Now don’t get me wrong I am not here to fluff up the H2, it does that pretty well it’s self. I am here to tell you about what we are doing with ours.
This time 2 years ago I started hearing whispers about Kawasaki possibly producing some kind of turbo or supercharged 1000cc or 1400cc bike. “Why not” I thought, “They are already doing it in their jet skis!” But little did I know what was to follow. This road going 1000cc super charged bike is unlike anything that Kawasaki have ever done before. Firstly 90% of the bike has been done in house. The only thing that wasn’t built in Kawasaki’s own factory is the brakes (Brembo) and suspension (which was an effort by both Kawasaki and Ohlin’s). Every other aspect and part of this bike was designed, tested and built within Kawasaki’s walls. The impeller for the supercharger, being one piece of cnc mechined alloy, was designed and built by Kawasaki’s aero nautical and space division. The traction control was designed and built by the electrical engineering division. The carbon fiber fairings on the H2R spent hundreds of hours inside the aero wind tunnel not to learn how to lift the bike but how to keep the front wheel on the ground.

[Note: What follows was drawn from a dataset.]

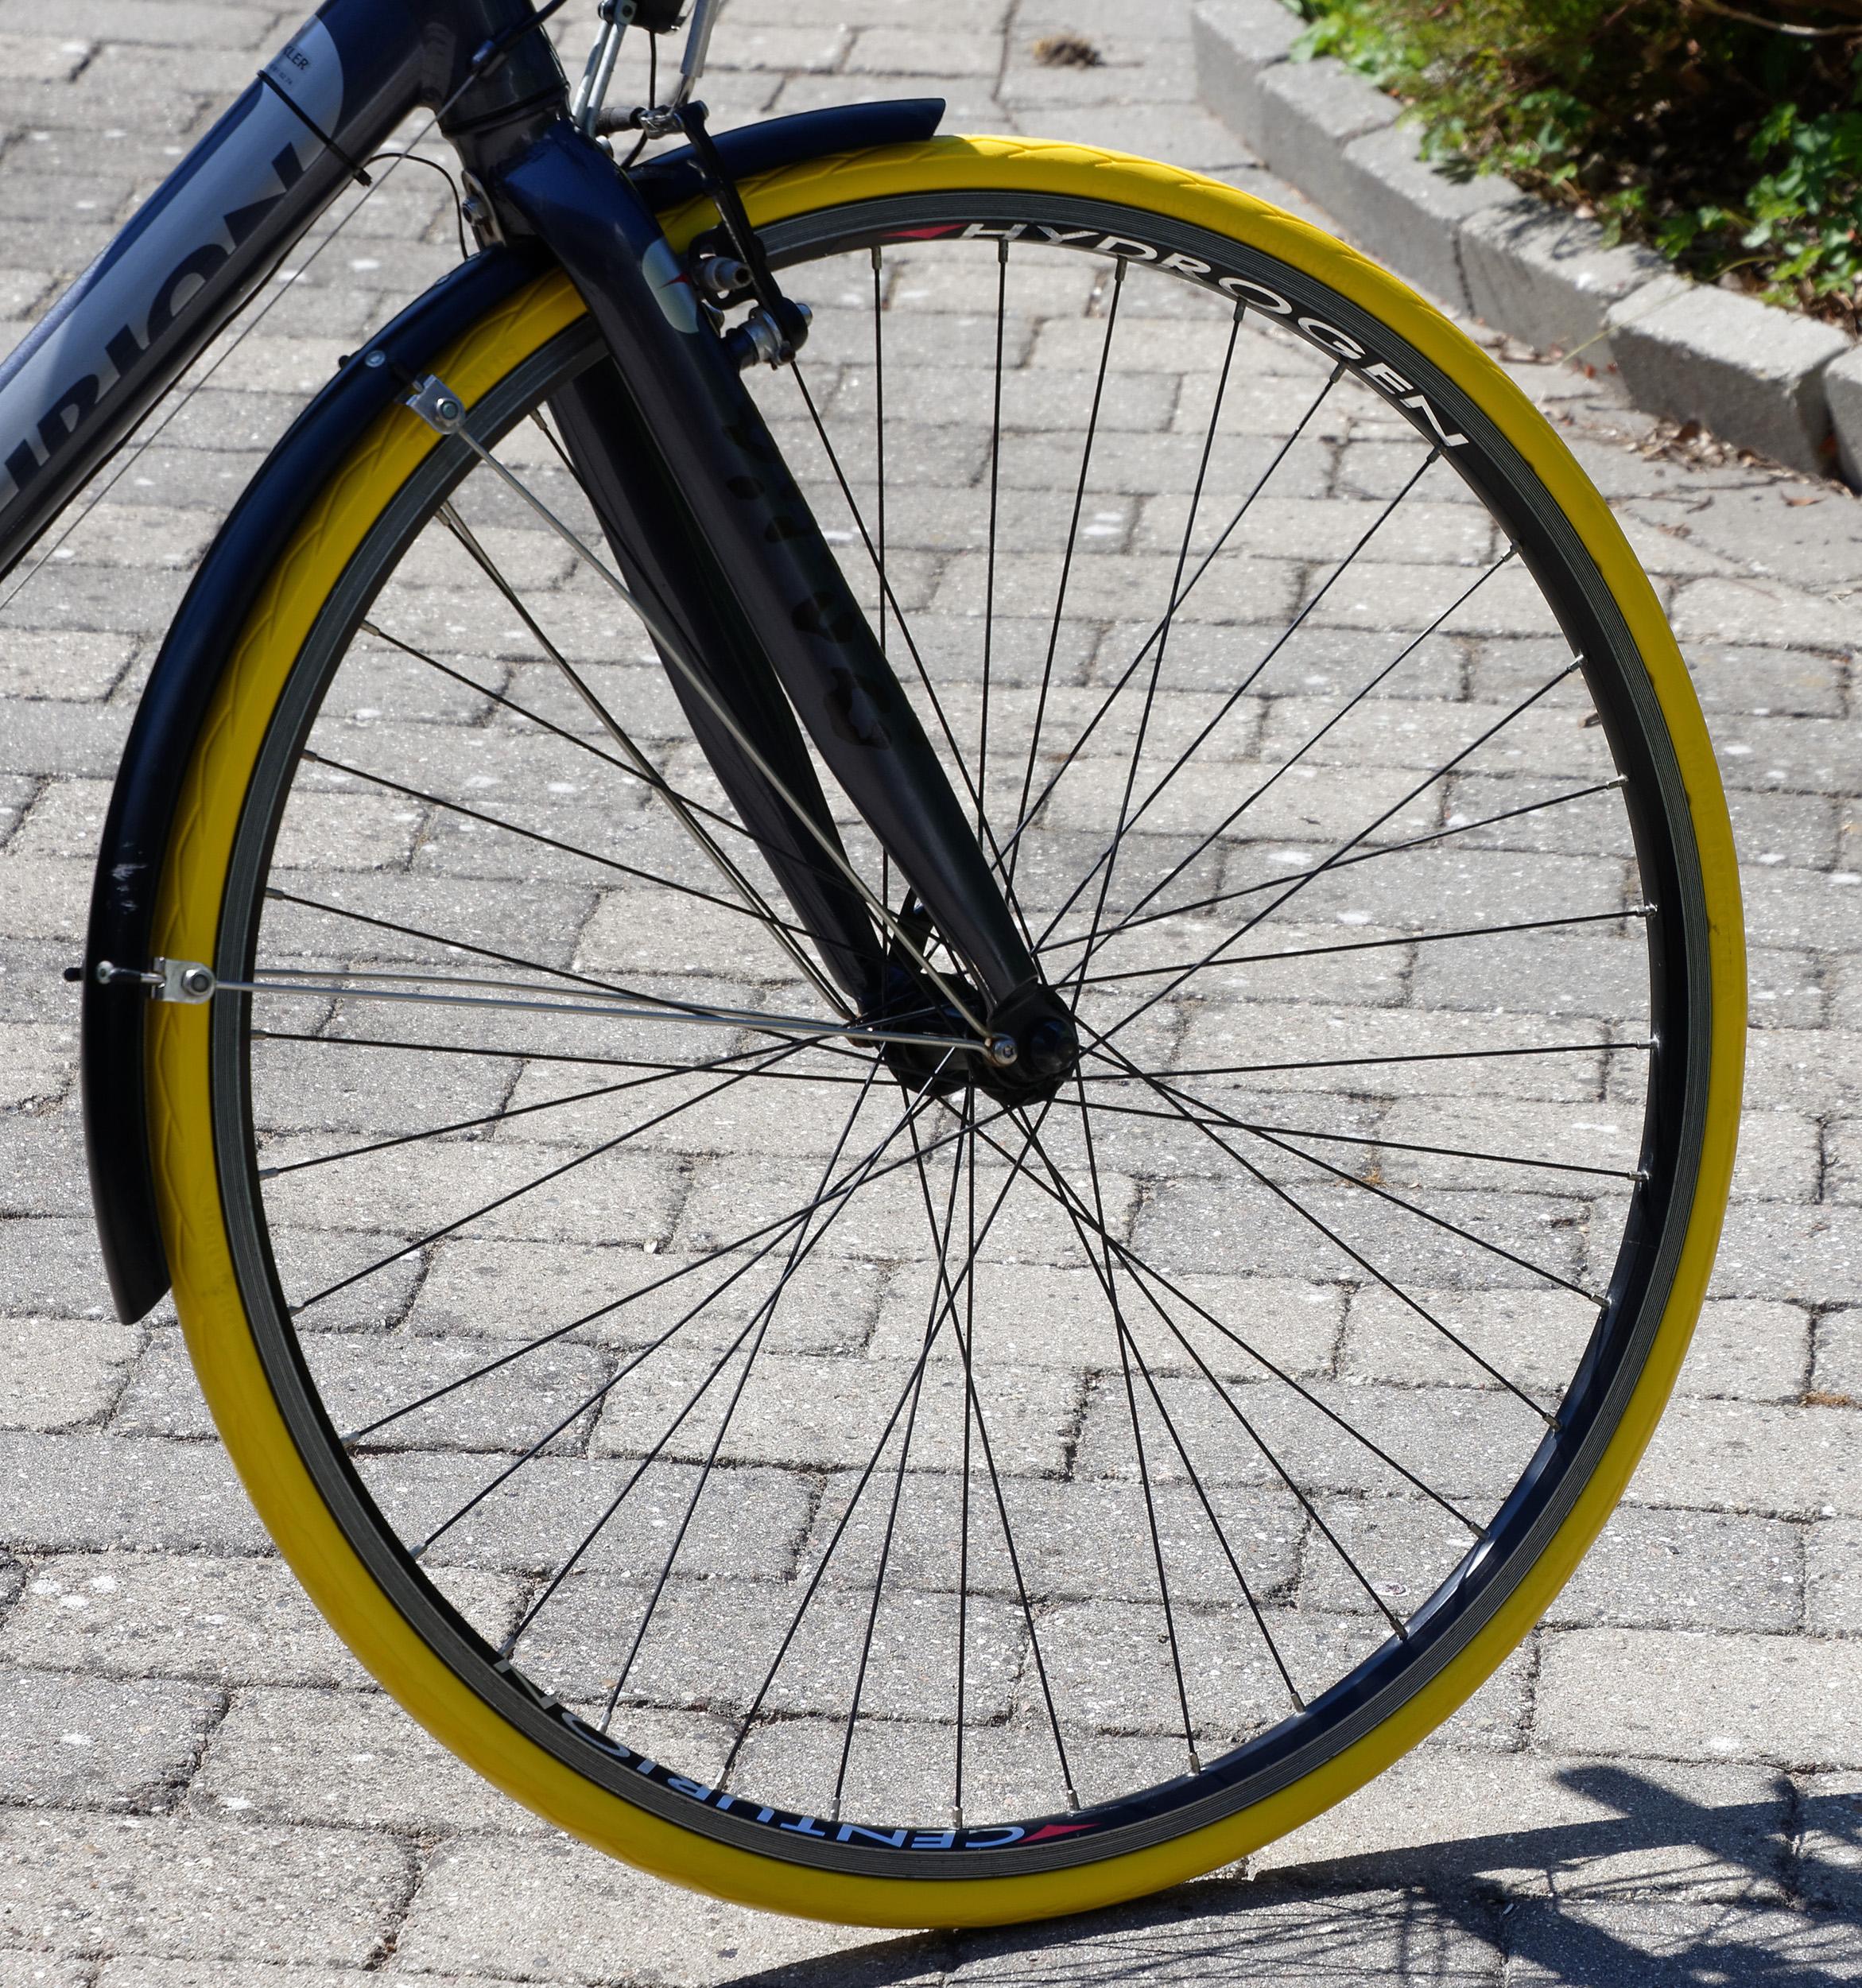 Gule cykeldæk

This bike truly is a credit to the ability and knowledge that is held within the Kawasaki factory and the ability of all it’s divisions. To produce such a bike is one thing, but to produce such a bike and then have it available to the public to buy and ride is another. It is a true achievement to have a supercharged limited production road registered bike that has 6000km service intervals and a 2 year factory warranty, makes me speechless. We have been lucky enough to play with the bosses one and have a little fun. With our head mechanic and most experienced Kawasaki technician Marty Blake working on the bike. We have already been trying different mods to get a bit more power, or different handling. Fit the Akro pipe.

Ok, now let’s get a custom lead pipe made to remove the catalytic converter, great! Breaths better, sounds great. Pops a bit on deceleration with the change of back pressure, but throws some great flames. Need to fix that, have they made a power commander yet? Just getting released? Excellent! What about an air filter? Just our luck, both arrive at the same time, and with the blessing of the one and only factory trained Dynojet tuner, Mark Carlsson, in the country. Off it goes for the final map and dyno tune! What horse power will it produce? How much torque does this machine hold? How high will it go? Can we make this unbelievable animal even better than it already is? We already have a nice little cult following on the H2 as our lucky customers that have bought them are eager to see what the next thing is we are doing and how it performs so they can then decide if it is something they are going to do to their own bikes. From the information I have, we are the first in the
southern hemisphere, if not the world, to accurately modify, map, tune and report the horsepower and torque reading of this bike outside of the well and truly closed and locked doors of Kawasaki. Now I am not sure about you but that excites me to no end.

Few people have the coin or the passion to spend the money on such an amazing machine, and after riding this bike I questioned the need for my own kidney for such a thrill. But to be able to be so close to this amazing project really makes this something worth writing about. To have this bike in particular so greatly high-lighted that other counties are waiting for our results really is an amazing feat, for both
Kawasaki and us!

I am sure that no matter what Kawasaki do in the future, whether this motor is used in another bike, or the H2 is re-designed to be more cost effective. I can guarantee the original H2 and H2R of 2015 will be a collector’s item for years to come. When we are all old and wheels no longer exist, and we are travelling via hover bikes or time travel, a rare few of us will be able to comment and tell our grand children about the time we saw, or rode, or chased, or owned a H2 on the road, on the track, in the dealership or even in our dreams. Until the next amazing motorcycle development, the 2015 Kawasaki H2 and H2R reigns supreme.

215 horse power and 106 foot pound of torque at the rear wheel. Without even separating one engine case or modifying any standard component on the bike.